ECLI:NL:HR:2020:1079

Hoge Raad

Datum uitspraak
19 juni 2020
Publicatiedatum
18 juni 2020
Zaaknummer
19/04761
Instantie
Hoge Raad
Type
Uitspraak
Rechtsgebied
Civiel recht; Personen- en familierecht
Procedures
  • Beschikking
Vindplaatsen
  • Rechtspraak.nl
AI samenvatting door LexboostAutomatisch gegenereerd

Vernietiging van de beschikking inzake onderbewindstelling en mentorschap met verwijzing naar het gerechtshof Amsterdam

In deze zaak heeft de Hoge Raad op 19 juni 2020 uitspraak gedaan in een cassatieprocedure betreffende de onderbewindstelling en het mentorschap van een zuster. De verzoeker, die de zuster en de andere broer vertegenwoordigt, heeft cassatie ingesteld tegen een beschikking van het gerechtshof Den Haag van 17 juli 2019. De zaak draait om de vraag of de andere broer als bewindvoerder en mentor kan worden benoemd, gezien de wettelijke voorkeur die in artikel 1:435 lid 4 BW is vastgelegd. De Hoge Raad oordeelt dat het hof de maatstaf van deze wettelijke voorkeur heeft miskend door niet te onderzoeken of er bezwaren zijn tegen de benoeming van de andere broer. De Hoge Raad vernietigt de beschikking van het hof en verwijst de zaak naar het gerechtshof Amsterdam voor verdere behandeling.
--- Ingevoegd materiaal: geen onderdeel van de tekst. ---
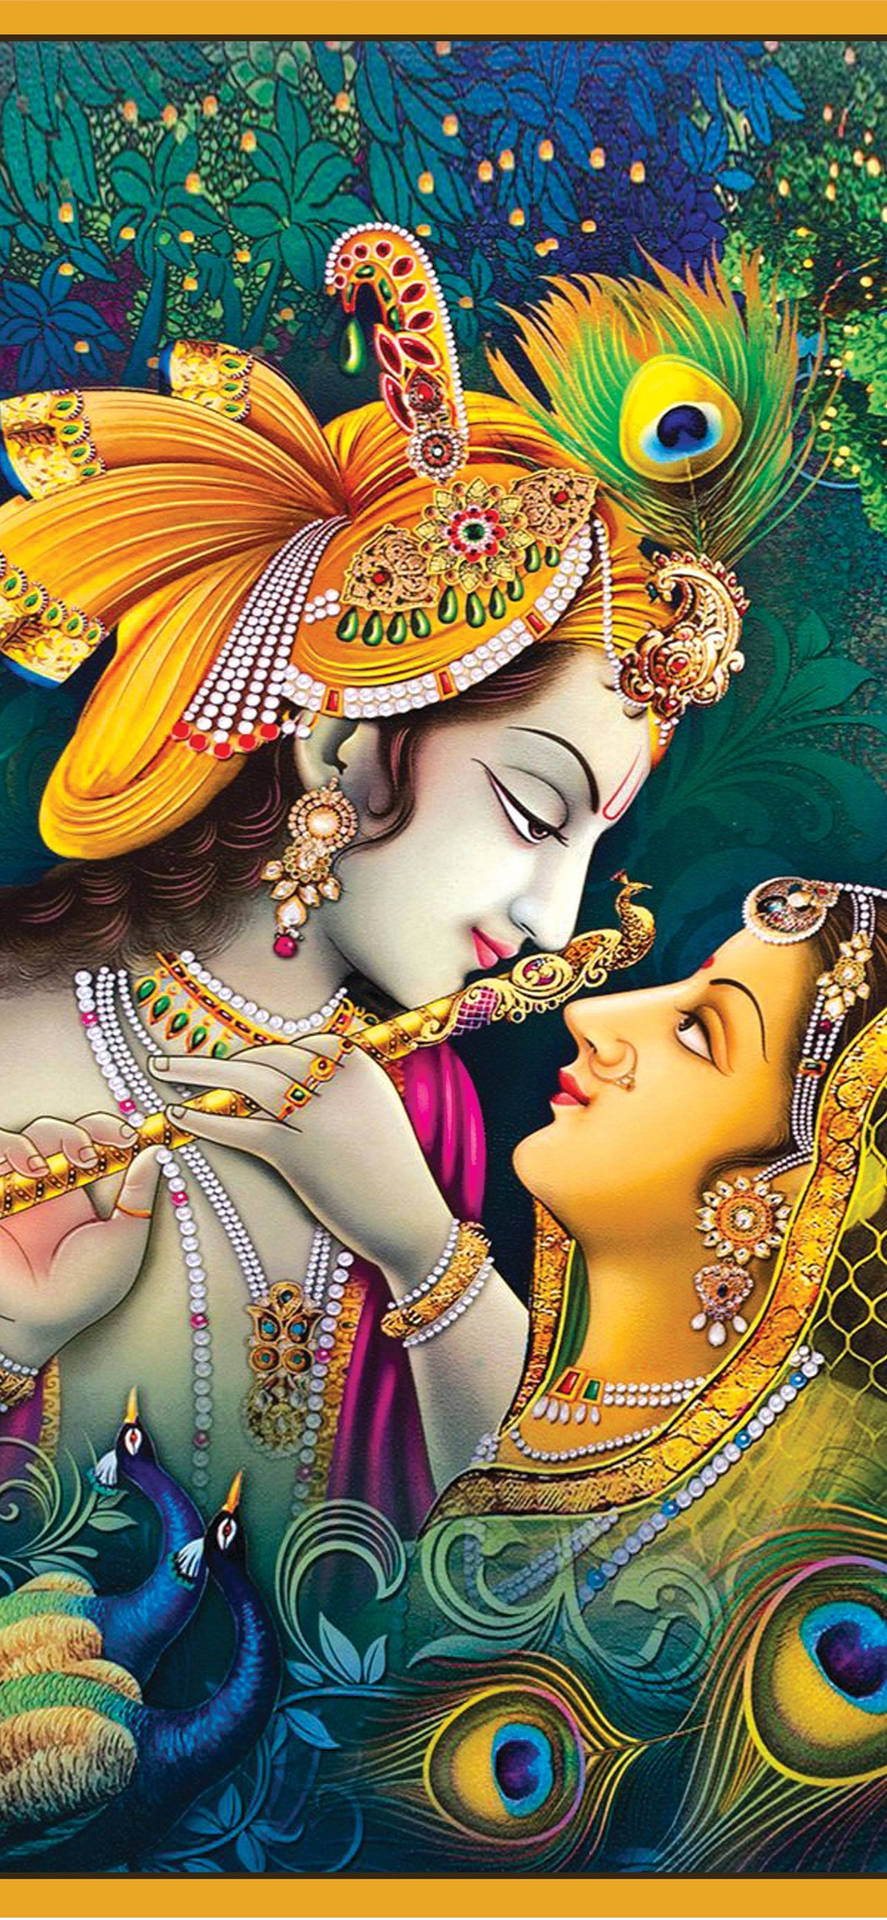 Krishna Bhagwan And Radha Face-to-face Background

De feiten van de zaak zijn als volgt: de zuster van de verzoeker en de andere broer verblijft sinds 2011 in een zorginstelling. De verzoeker heeft in eerste aanleg verzocht om instelling van een bewind over de goederen van de zuster en om instelling van een mentorschap, waarbij hijzelf als bewindvoerder en mentor werd benoemd. De kantonrechter heeft dit verzoek toegewezen, maar in hoger beroep heeft het hof de bewindvoerder ontslagen en de andere broer benoemd als mentor. De verzoeker heeft hiertegen cassatie ingesteld, wat leidde tot de huidige uitspraak van de Hoge Raad.

De Hoge Raad concludeert dat de motivering van het hof onvoldoende inzicht biedt in de redenen waarom de andere broer niet als bewindvoerder is benoemd. De Hoge Raad benadrukt dat bij afwijken van de wettelijke voorkeur de rechter dit moet motiveren. De beslissing van het hof wordt vernietigd en de zaak wordt terugverwezen voor verdere behandeling.

Uitspraak

HOGE RAAD DER NEDERLANDEN
CIVIELE KAMER
Nummer19/04761
Datum19 juni 2020
BESCHIKKING
In de zaak van
[verzoeker],
wonende te [woonplaats],
VERZOEKER tot cassatie,
hierna: de verzoeker,
advocaat: N.C. van Steijn,
tegen
1. [de andere broer],
wonende te [woonplaats],
hierna: de andere broer,
2. [de zuster],
wonende te [woonplaats],
hierna: de zuster,
3. [de bewindvoerder],
kantoorhoudende te [vestigingsplaats],
hierna: de bewindvoerder,
BELANGHEBBENDEN in cassatie,
niet verschenen.
1. Procesverloop
Voor het verloop van het geding in feitelijke instanties verwijst de Hoge Raad naar:
de beschikkingen in de zaken 6784823 EJ VERZ 18-65383 en 6785858 EJ VERZ 18/65422 van de kantonrechter te ’s-Gravenhage van 15 augustus 2018;
de beschikking in de zaken 200.248.167/01 en 200.245.808/01 van het gerechtshof Den Haag van 17 juli 2019.
Verzoeker heeft tegen de beschikking van het hof beroep in cassatie ingesteld. Het cassatierekest is aan deze beschikking gehecht en maakt daarvan deel uit. De belanghebbenden hebben geen verweerschrift ingediend.
De conclusie van de Advocaat-Generaal M.L.C.C. Lückers strekt tot vernietiging en verwijzing.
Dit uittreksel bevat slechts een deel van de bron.